The Tasks of Cop23

Research Article

Austin Environ Sci. 2017; 2(3): 1025.

The Tasks of Cop23

Lane J-E*

Fellow with Public Policy Institute, Geneva

*Corresponding author: Jan-Erik Lane, Fellow with Public Policy Institute, 10 Charles Humbert, 1205 Geneva

Received: August 07, 2017; Accepted: August 31, 2017; Published: September 08, 2017

Abstract

The coming COP23 reunion of the UNFCCC in Bonn this fall is decisive for the possibility of halting global warming. It must make certain that no more defections occur in the Common Pool Regime (CPR) that is the COP21 Treaty as well as face up to the enormous management tasks in implementing the three Goals I, II, III. At the same time it must confront the growing methane threat. This implies taking the Greenhouse gases (GHG) from all sectors of human activities into account.

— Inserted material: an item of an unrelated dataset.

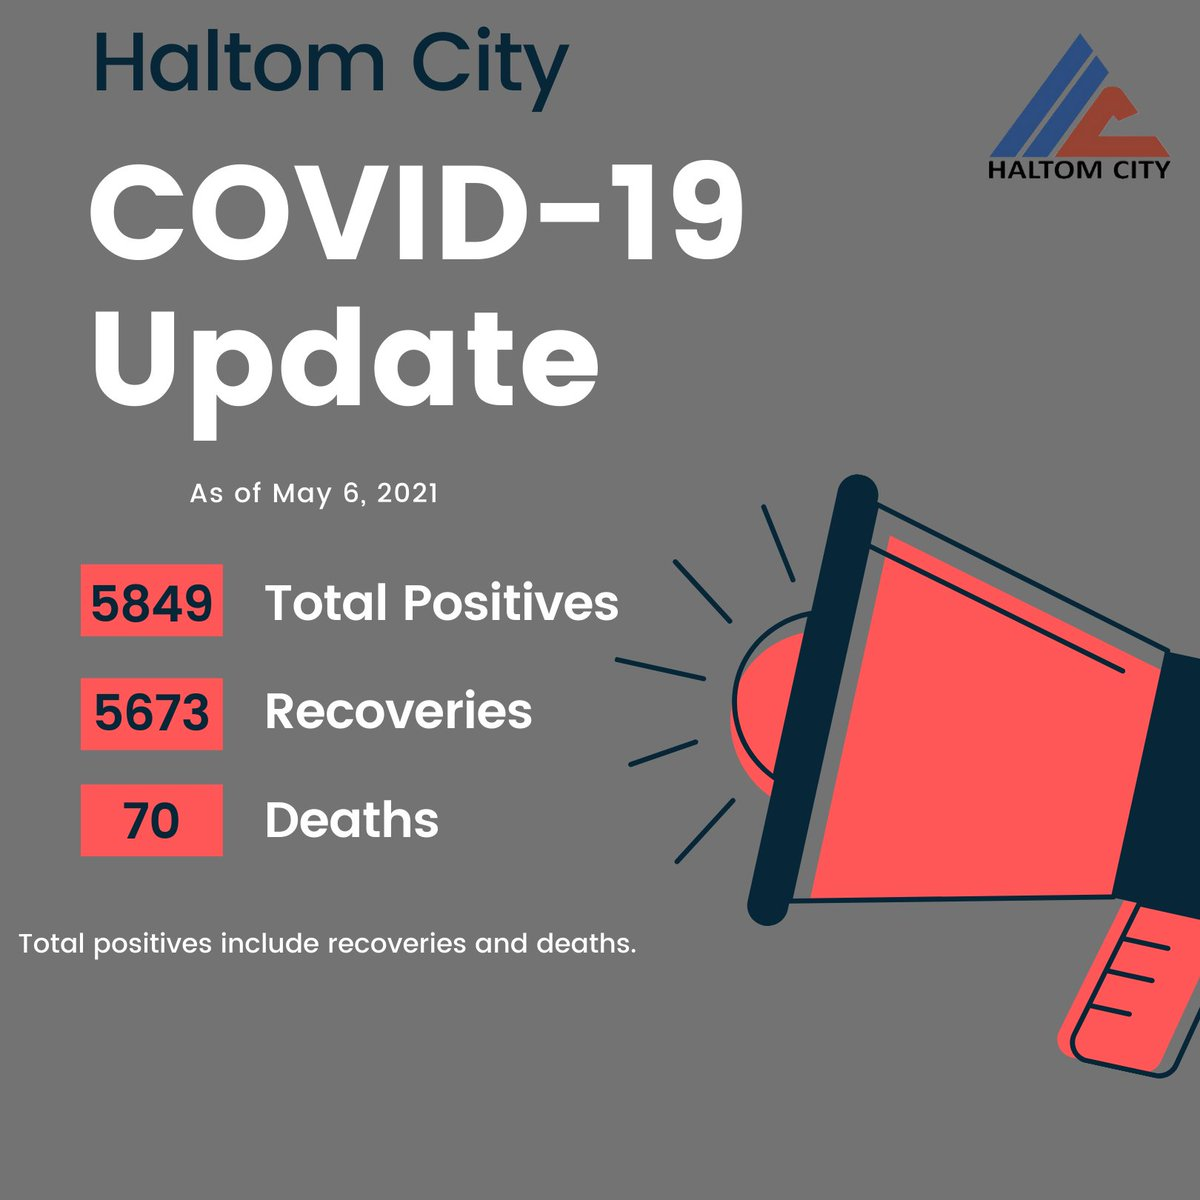 Haltom City Emergency Management

Keywords: Decarbonisation; COP21; Treay Goals I; II; III; CO2s; GHGs; Solar power parks; Collective action; Management tasks.

Introduction

We are coming closer to the major event this fall, namely the UNFCCC reunion of some 190 governments and a thousand journalists for the COP23 conference on climate change. Sponsored by islands state Fiji, the Bonn meeting in late November will send signals about the anti-global warming fight. The COP21 set the objectives – Goal I, II and III – but the COP23 has to decide over the means to these ends: strategy, technology, funding of decarbonisation in the 31st century. If COP23 fails, then Hawking’s warming about irrevocable climate changes will become more likely.

Energy is the basics. It generates not only survival but also affluence and wealth, being vital to both poor and rich countries. If energy consumption is reduced, there will be global economic recessions and mass poverty as well as unemployment. But Planet Earth consumes too much energy from one major source: burning fossil fuels. All forms of energy be measured, and these measures are translatable into each other - a major scientific achievement. One may employ some standard sources on energy consumption and what is immediately obvious is the immensely huge numbers involved - see Table 1.